Thanks everyone for taking a second to read. I searched and was not trying to start the Hilti Vs ??? discussion. My only exp so far with them was a rental that blew me away. I have been in the market for a new demo/ core drill for a while. I am stuck strictly peace rate at the moment~ when I can get it. So I am trying to invest to good equipment when I can afford it.

A GC I know just offered me a Hilti T 76 ATC, in case great shape with a 2 5/8", 4+", 6" Bits and a few chippers for $850.00. He's a good guy and have bought things from him in the past with no prob~ he upgarded to a bolt on rig.

( a good point is I think it's an sds- chuck style witch it what all my current bits are also)

So my question is I am not familer with Hilti resale and trying to research thru ebay is kinda all over the place. Does this sound resonable, and how's this hold up for a plumber's drill- would you recomend it @ this price. 
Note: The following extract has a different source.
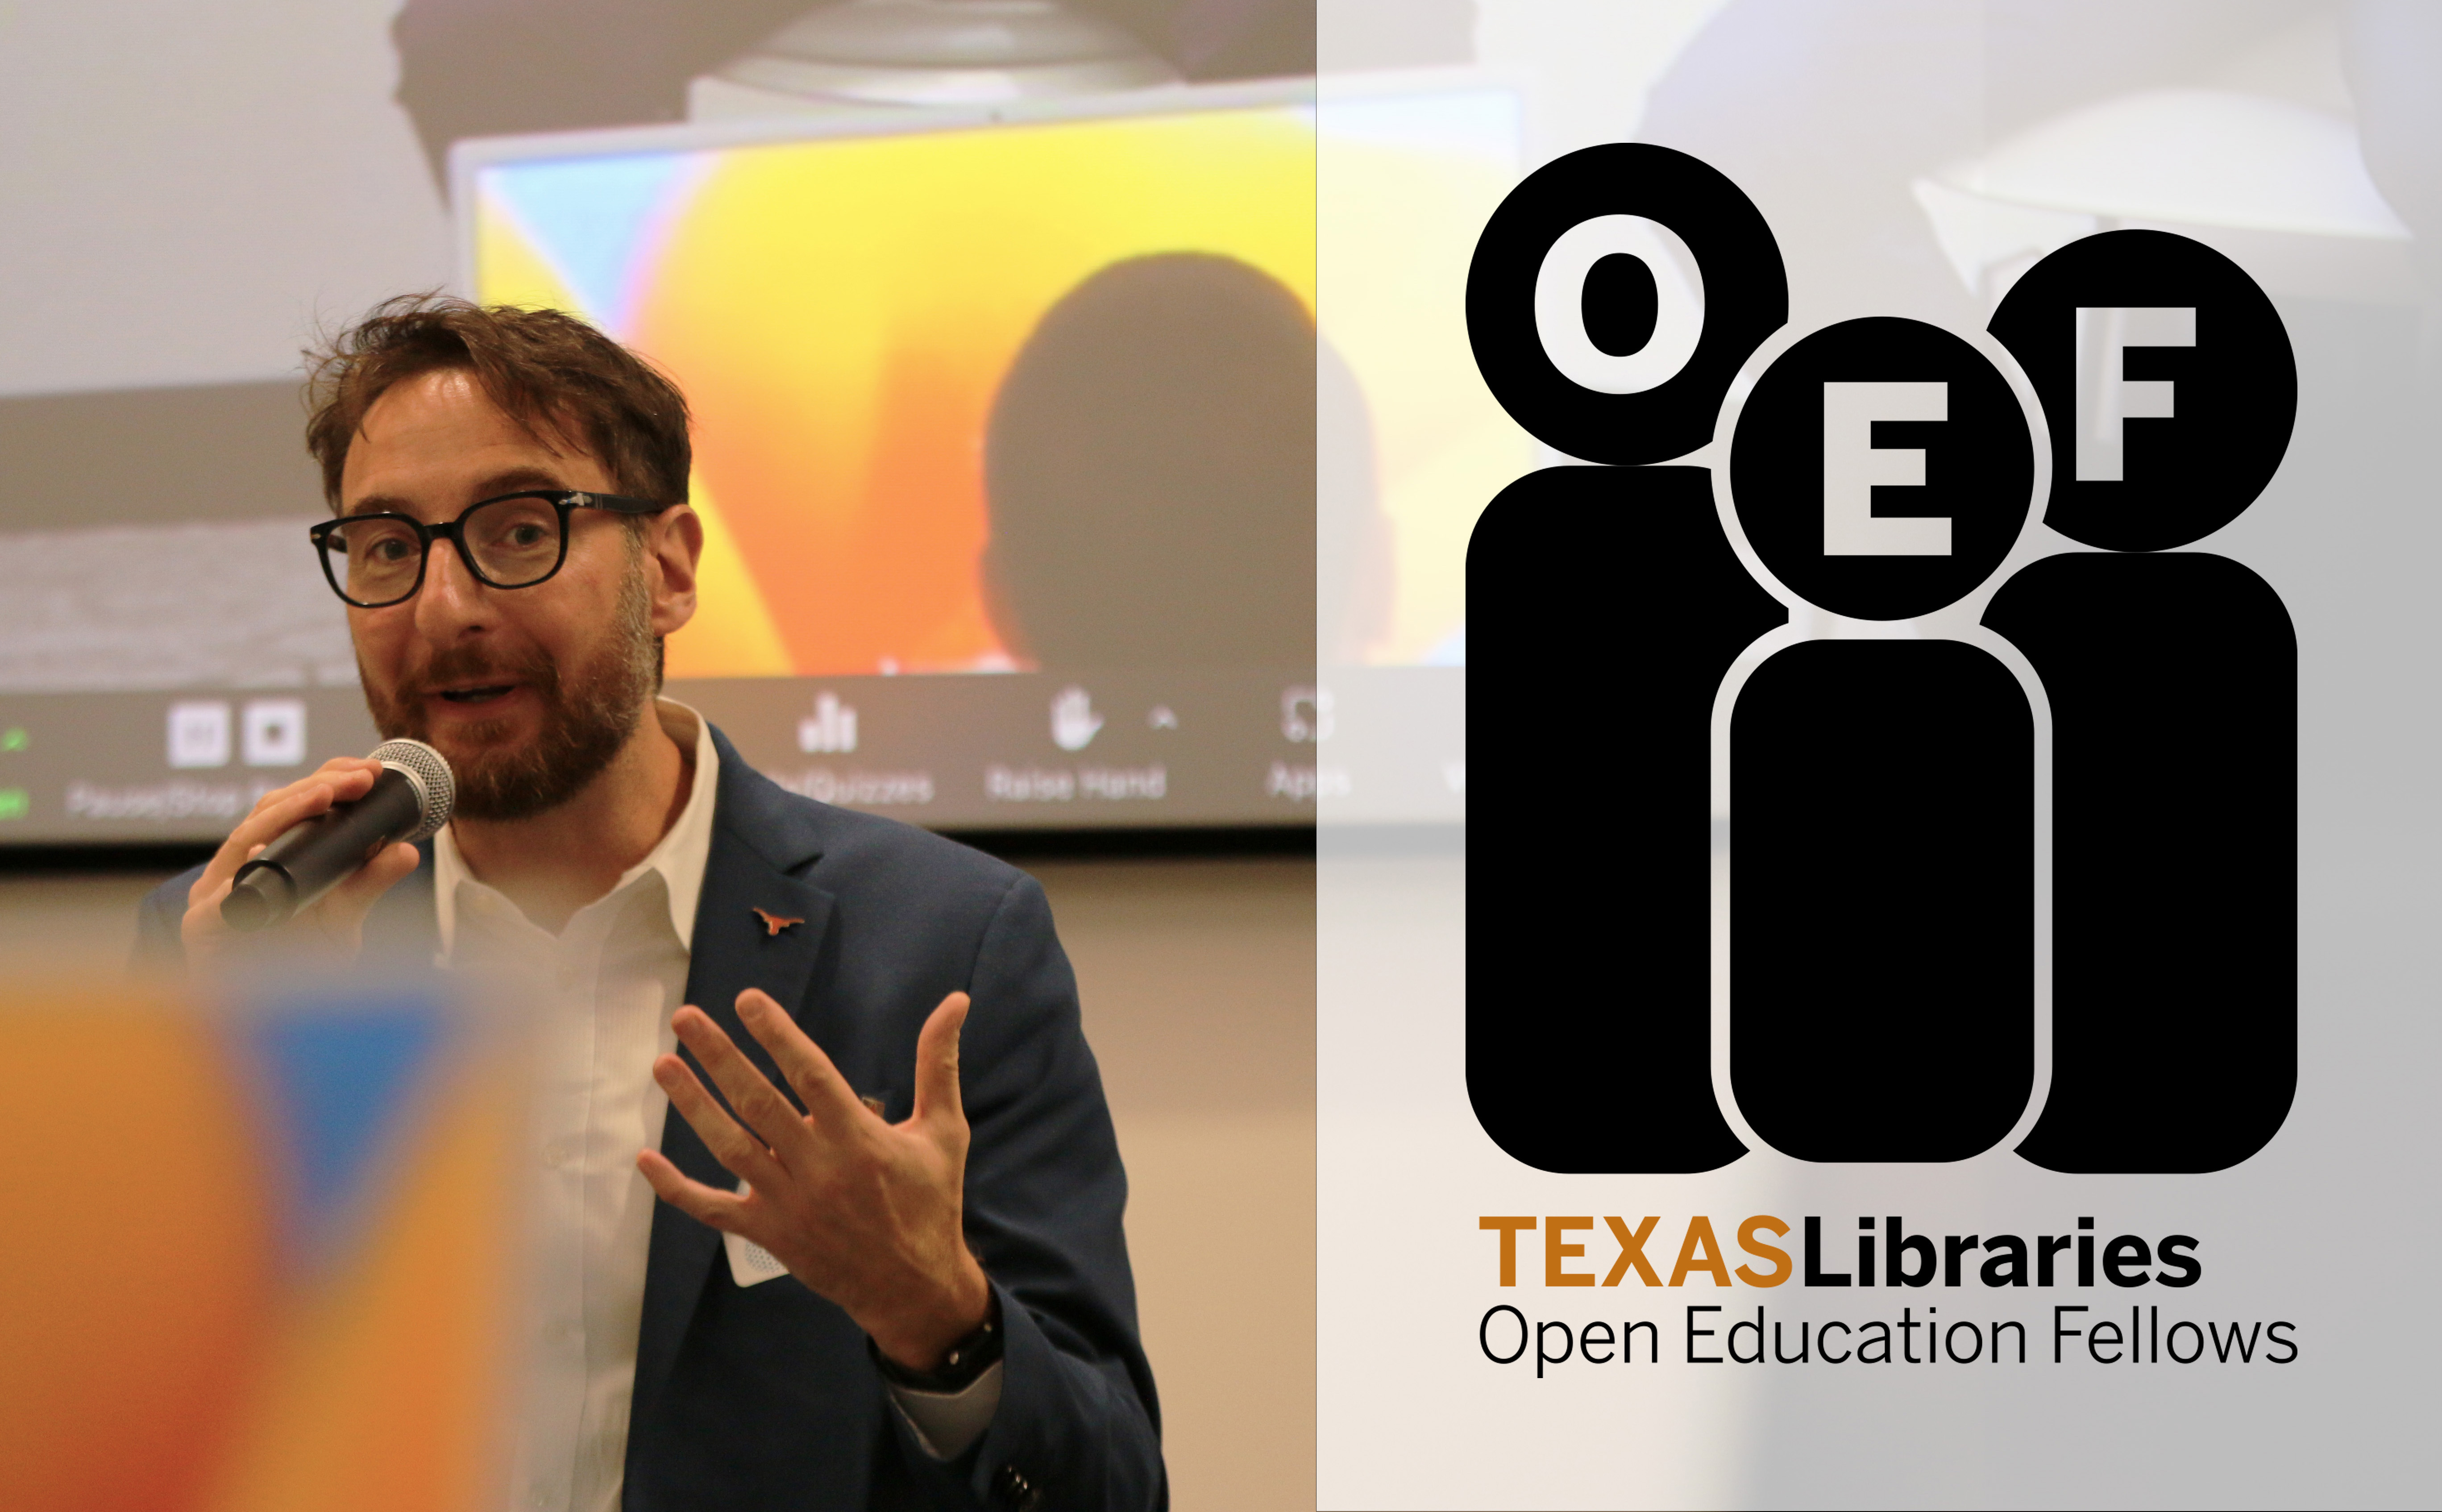 Image of current fellow Dr. Franco Pestilli talking at an open science event with the open educational fellows graphic overlaid on an opaque white field to the right of the image.

Thanks All, Sorry for the rambling. Hard spending money when I am not making it, and just really am starting to trust the advice given out here.


----------



## gear junkie (Jun 20, 2008)

i new one goes for 1k so it's good deal but not a great deal. The resale of these do stay high.


----------



## futz (Sep 17, 2009)

In 1995 we bought three Hilti TE-15 hammer drills for a 6 storey, 128 unit concrete/steel studio apartment project. We drilled bazillions of holes for drop-in anchors and hung miles of pipe with those drills. At the end of the job they were all still like new except for being dirty. When I went on my own at the end, I bought one off the company and they took the other two. That one is still running great - drills like the day we bought it. Replaced the cord end, but the cord is still in perfect shape. Even the plastic suitcase still gets used (I chuck those away for most tools) because it's actually useful.

Hilti's are pricey, but VERY good.


----------



## Cal (Jun 17, 2008)

Can NOT go wrong with a hilti !! They have just always been a fantastic tool !!


----------



## bigdaddyrob (May 14, 2009)

Thanks everyone for the info~ def after reading some review I am going to see how quick he wants to sell it. ie: stall while scramble for cash! 

Just wish I had a row of town homes coming up or something, anything to justify it at this moment lol (* one of our only builders still working us, set up an 8 pack row where sump pump & hose bib both go out thru concrete in the back* )


----------